> Work required
In the data below, locate the line containing "Neuer Weg (NW), Organ" and the line containing "کشف پنج تن مواد", then retype both and everything between them exactly. Pictures are not part of the copy.

> Supplied material

• • • • •

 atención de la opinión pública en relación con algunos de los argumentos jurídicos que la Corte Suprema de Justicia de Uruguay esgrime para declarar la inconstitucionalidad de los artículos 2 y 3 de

• • • • •

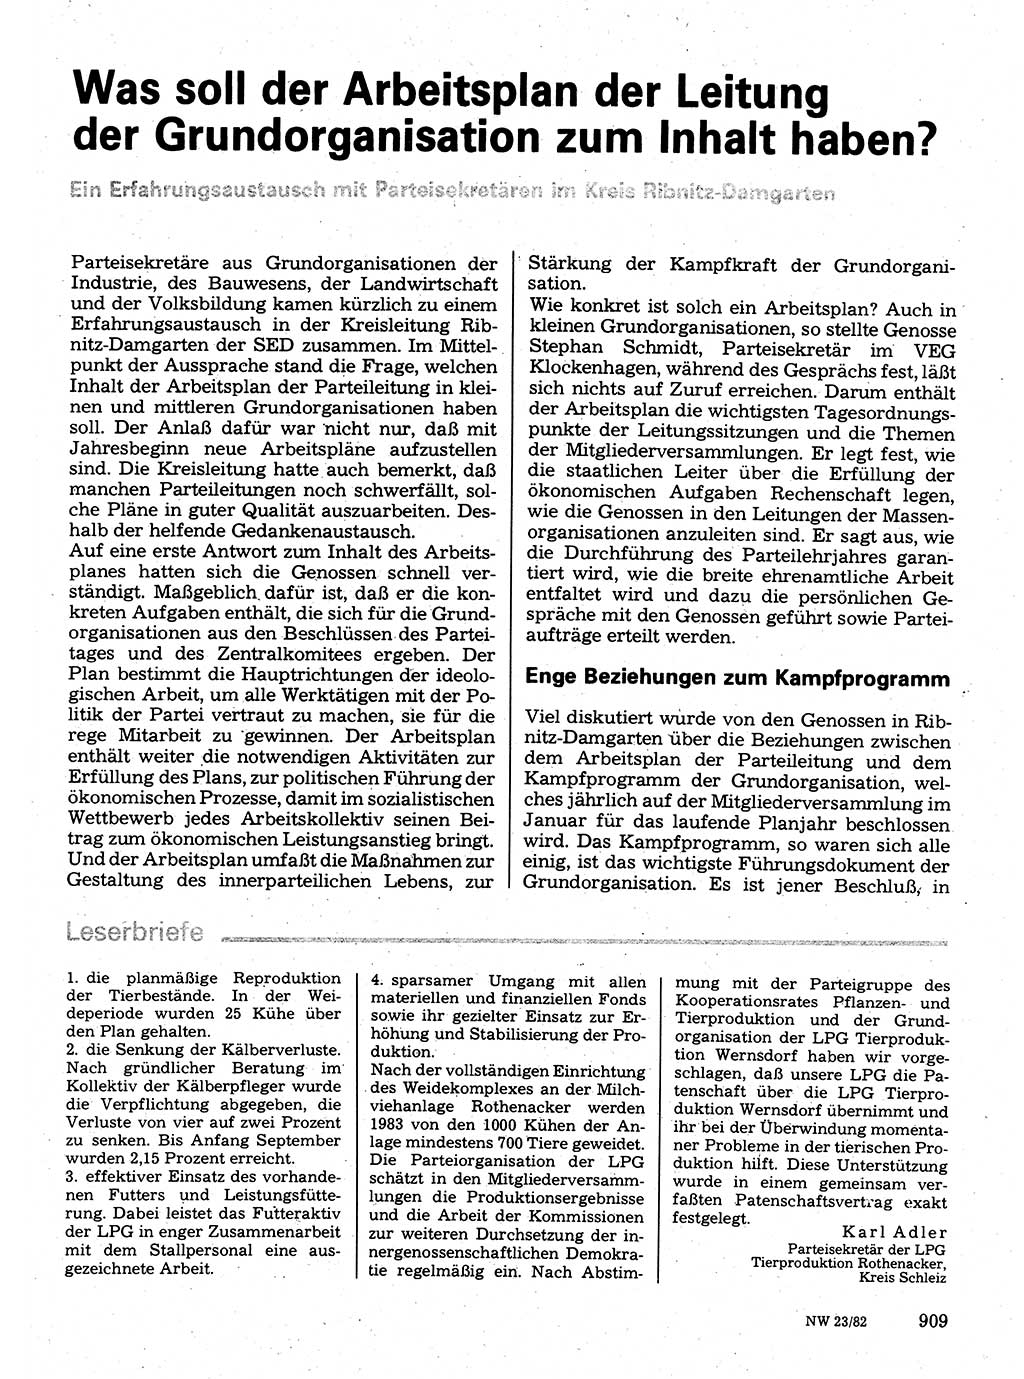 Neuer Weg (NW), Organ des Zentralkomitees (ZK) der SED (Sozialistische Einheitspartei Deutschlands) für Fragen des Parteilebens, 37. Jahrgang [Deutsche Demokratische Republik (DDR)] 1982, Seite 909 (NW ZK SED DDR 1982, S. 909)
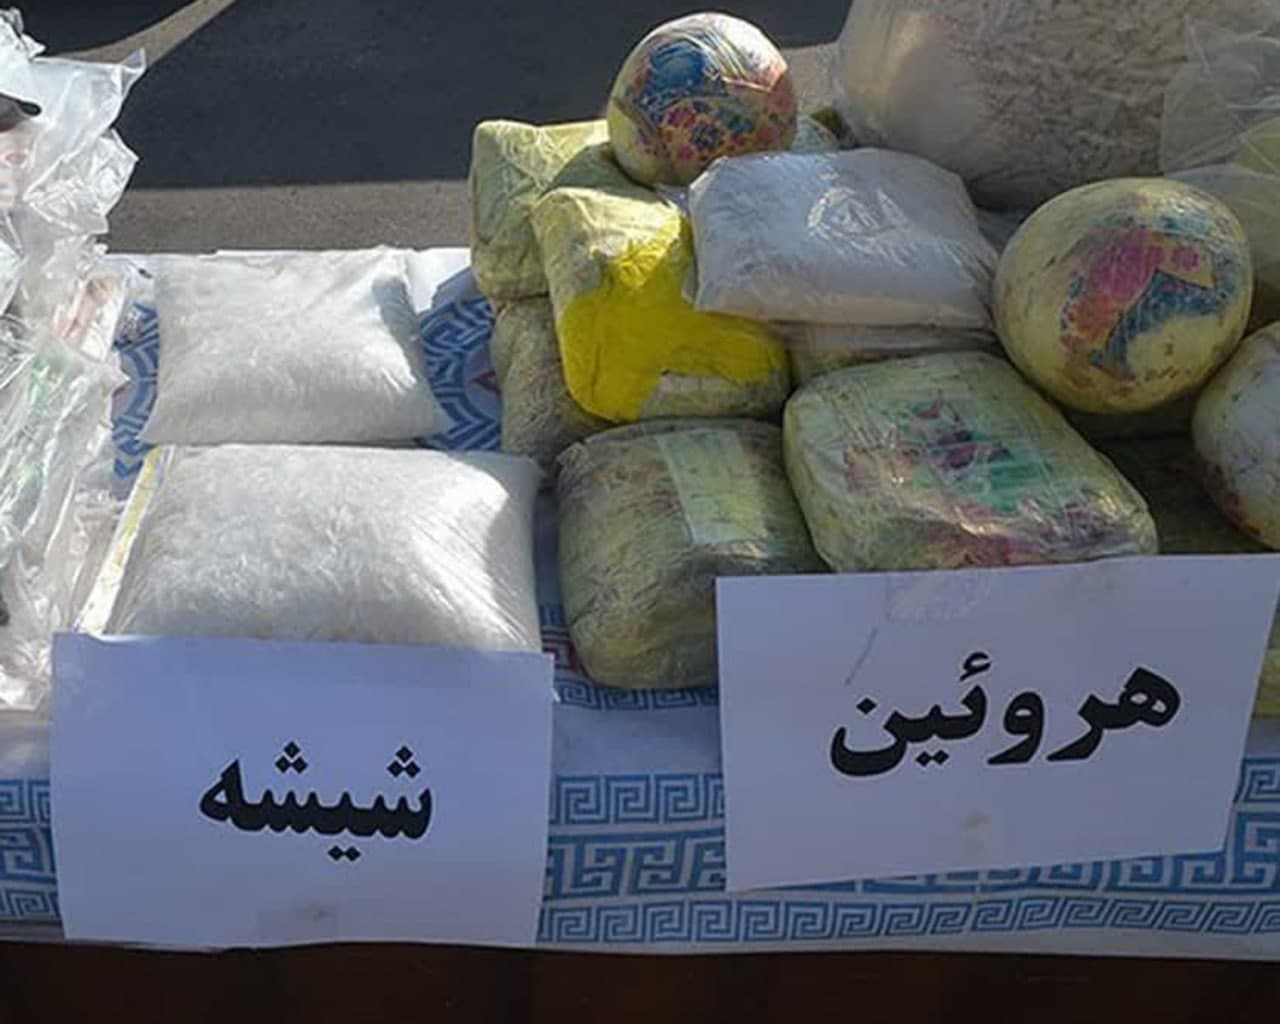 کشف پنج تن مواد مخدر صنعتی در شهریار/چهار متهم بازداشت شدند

• • • • •

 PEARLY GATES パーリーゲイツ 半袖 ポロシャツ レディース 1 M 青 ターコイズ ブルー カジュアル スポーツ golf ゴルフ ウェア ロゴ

• • • • •

> Exercise response
 Neuer Weg (NW), Organ des Zentralkomitees (ZK) der SED (Sozialistische Einheitspartei Deutschlands) für Fragen des Parteilebens, 37. Jahrgang [Deutsche Demokratische Republik (DDR)] 1982, Seite 909 (NW ZK SED DDR 1982, S. 909)
 کشف پنج تن مواد مخدر صنعتی در شهریار/چهار متهم بازداشت شدند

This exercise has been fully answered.